Serous-lined, stapled pouch wall plication: initial results of a simple and quick novel continence mechanism in troubleshooting secondary to continent cutaneous urinary diversion.

作者信息

Riedmiller Hubertus, Kocot Arkadius, Kalogirou Charis

机构信息

Department of Urology and Paediatric Urology, Julius-Maximilians-University Medical School, Würzburg, Germany.

出版信息

BJU Int. 2018 Jan;121(1):155-159. doi: 10.1111/bju.13979. Epub 2017 Sep 15.

Abstract

OBJECTIVES

To report a novel and straightforward technique of a secondary continent outlet for continent cutaneous urinary diversion (CCUD) reservoirs without the need for further bowel resection, reducing operating time and length of hospitalization.

PATIENTS AND METHODS

From 2015 to 2017, six patients with unreconstructable, incontinent outlets (out of a total pool of 595 patients with CCUD) have undergone the technique described in the present paper at our department.
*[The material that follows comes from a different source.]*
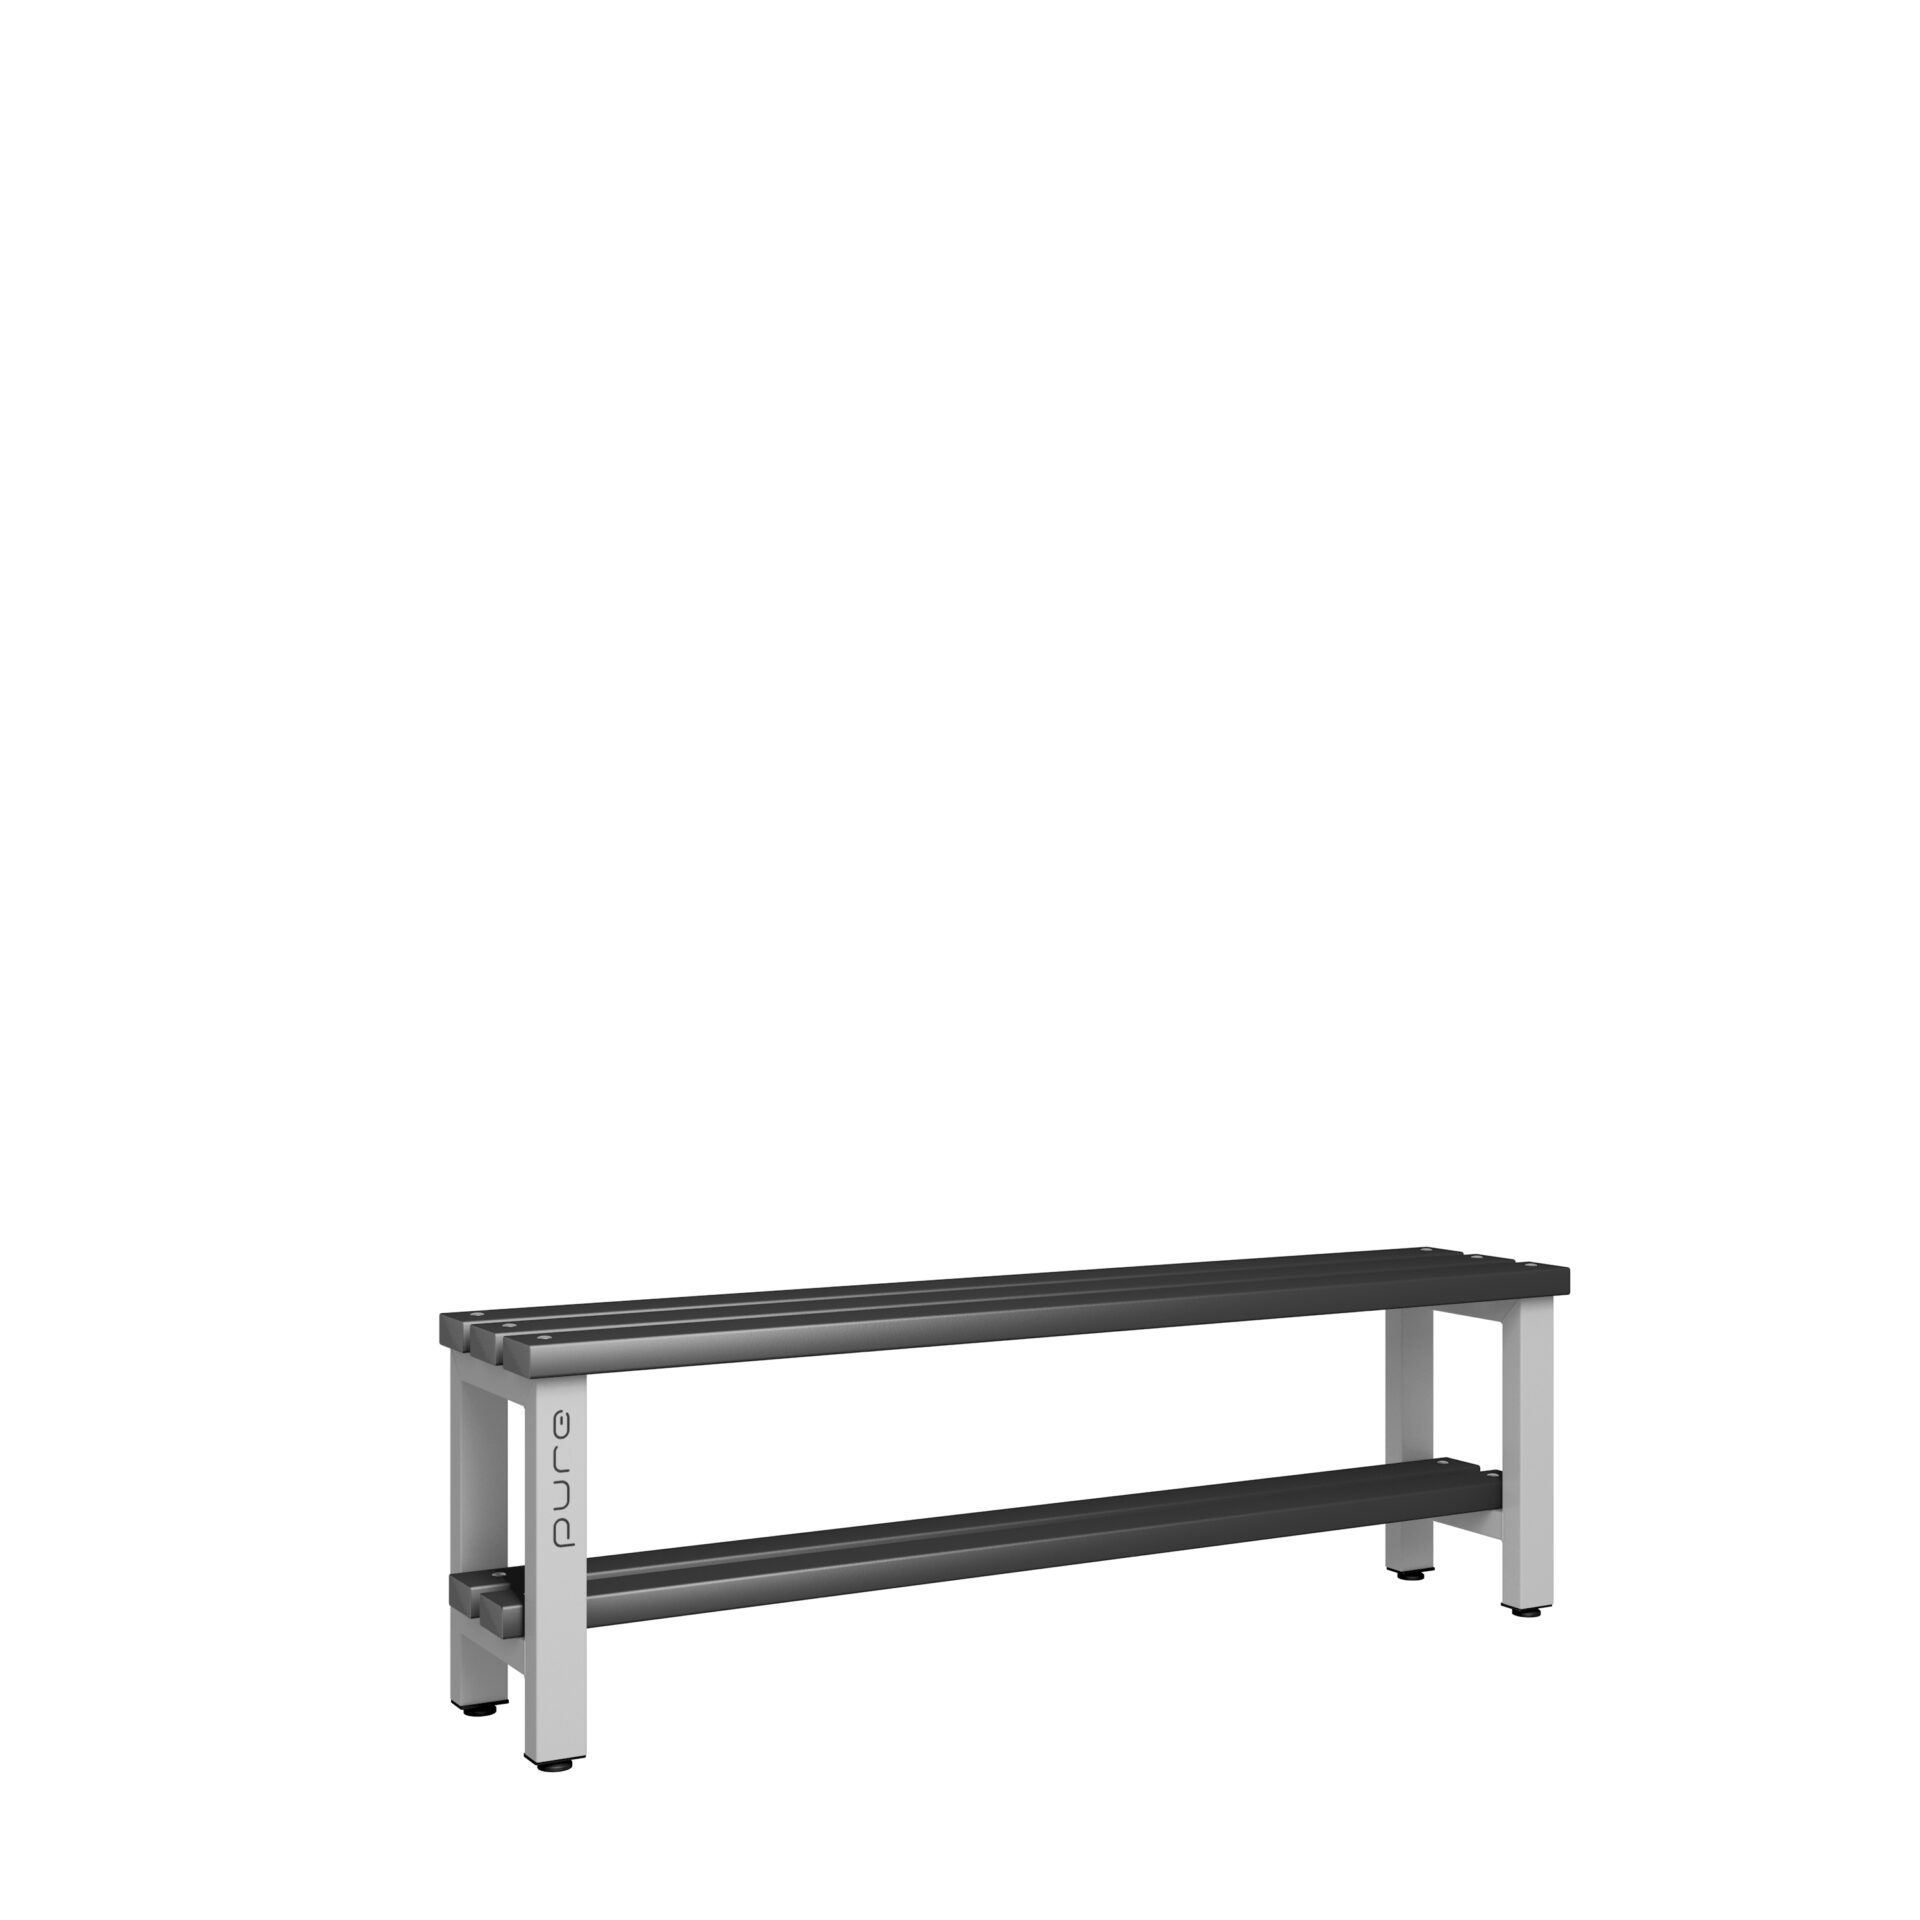 Pure Carbon Zero Single Sided 1500mm Standard Bench With Shoe Shelf - Pearl Silver / Black Polymer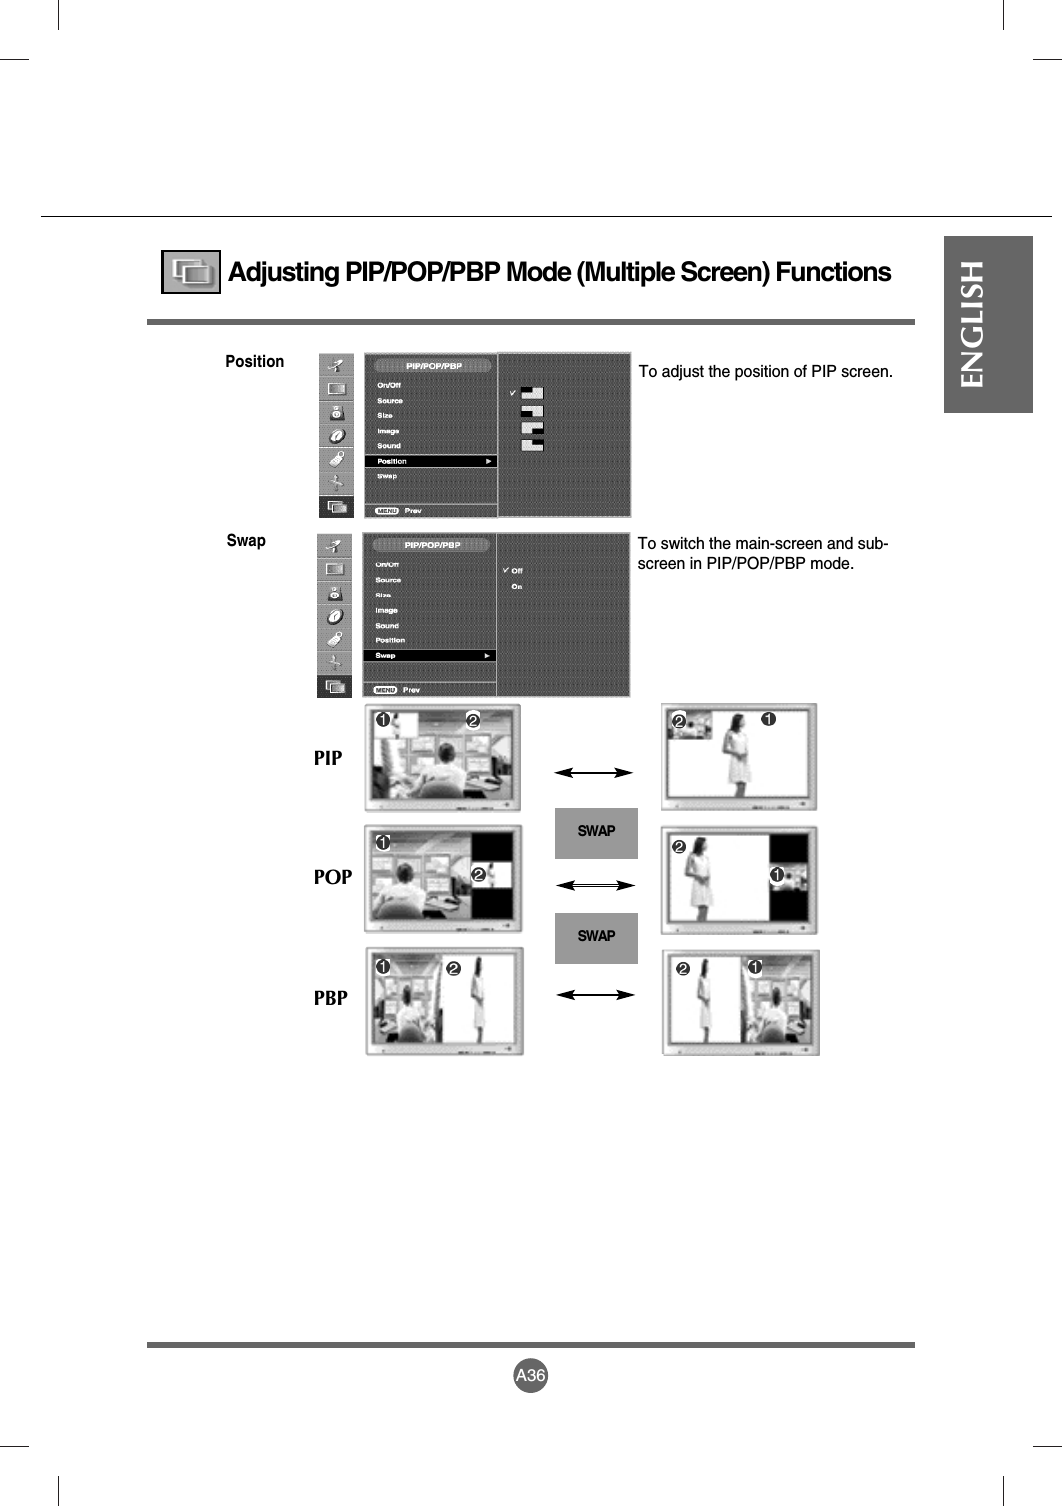 A36ENGLISHTo adjust the position of PIP screen.PositionAdjusting PIP/POP/PBP Mode (Multiple Screen) FunctionsSWAPSWAPPIPPOPPBPTo switch the main-screen and sub-screen in PIP/POP/PBP mode.Swap

The technique relies on the Mitrofanoff principle, using a stapled full-thickness pouch wall plication, which creates a flap-valve continence mechanism.

RESULTS

All patients enjoyed full continence with ease of clean intermittent catheterization (CIC) in the postoperative period and on follow-up to a mean (range) of 12.4 (7-18) months. No major complications were encountered in any patient and the average capacity of the reservoirs was not compromised by the procedure (540 mL preoperatively vs 500 mL in further follow-up).

CONCLUSION

In revisional surgery for secondary CCUD incontinence, especially if the patient has already lost a significant amount of bowel or has previously undergone radiation therapy, the technique described here represents a safe and effective alternative to restore continence.

摘要

目的

报告一种用于可控性皮肤造口尿流改道术(CCUD)储尿囊的新型且简便的二期可控性出口技术,无需进一步肠道切除,从而减少手术时间和住院时长。

患者与方法

2015年至2017年,我们科室有6例(在总共595例CCUD患者中)不可重建的、尿失禁造口患者接受了本文所述技术。该技术基于米氏原理,采用吻合器进行全层囊壁折叠,形成瓣阀式控尿机制。

结果

所有患者术后及平均(范围)12.4(7 - 18)个月随访期间均能完全控尿,清洁间歇性导尿(CIC)操作轻松。所有患者均未出现重大并发症,该手术未影响储尿囊的平均容量(术前540 mL,进一步随访时为500 mL)。

结论

在CCUD二期尿失禁的修复手术中,特别是如果患者已经切除了大量肠道或先前接受过放射治疗,本文所述技术是恢复控尿的一种安全有效的替代方法。